30. (TRF-5ª Região, juiz federal, 2009, CESPE-UNB) A respeito dos crimes contra a ordem tributária, assinale a opção correta com base na jurisprudência do STF.
a) Independentemente da representação fiscal para fins penais, se o MP dispuser, por outros meios, de elementos que lhe permitam comprovar a definitividade da constituição do crédito tributário, ele pode, então, de modo legítimo, fazer instaurar os pertinentes atos de persecução penal por delitos contra a ordem tributária.

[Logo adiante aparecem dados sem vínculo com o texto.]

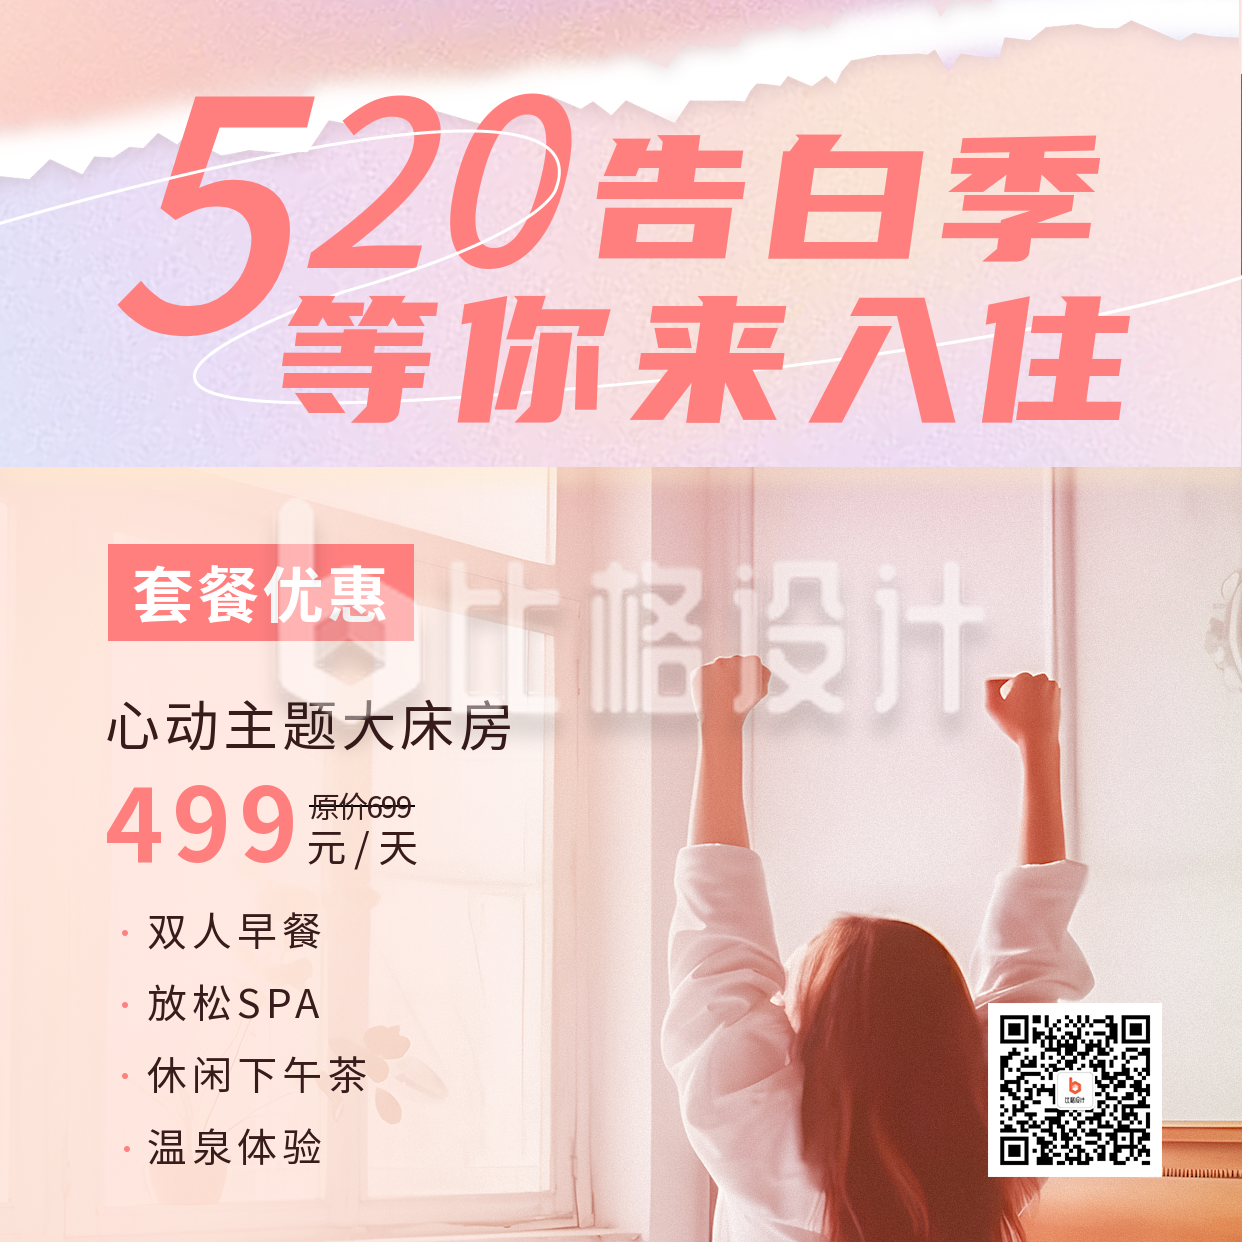 520情人节营销活动选宣传方形海报

b) O cancelamento do crédito tributário por decisão definitiva do Conselho de Contribuintes, após o lançamento fiscal prévio, não influencia a ação penal em curso por delito de sonegação fiscal, dada a independência das instâncias penal e administrativa.
c) Havendo conexão entre os crimes de sonegação tributária e falsidade ideológica, ainda que esta não tenha sido perpetrada em documento exclusivamente destinado à prática do primeiro crime, aplica-se o princípio da consunção, devendo o agente responder unicamente pelo crime contra a ordem tributária.
d) Enquanto não efetivado o lançamento definitivo do débito tributário, não há justa causa para a ação penal, o que não influi no lapso prescricional penal, que não se suspende.
e) A impetração de mandado de segurança, após o lançamento definitivo do crédito tributário, impede o início da ação penal.


2 comentários:

  1. Gabarito: 1 D; 2 D; 3 B; 4 D; 5 E; 6 A; 7 E; 8 B; 9 A; 10 C; 11 A; 12 E; 13 D; 14 A; 15 A; 16 C; 17 D; 18 C; 19 A; 20 D; 21 B; 22 A; 23 E, C, C, E; 24 E; 25 E; 26 B; 27 E, E, C, C, C; 28 C, E, E, C, E; 29 A; 30 A.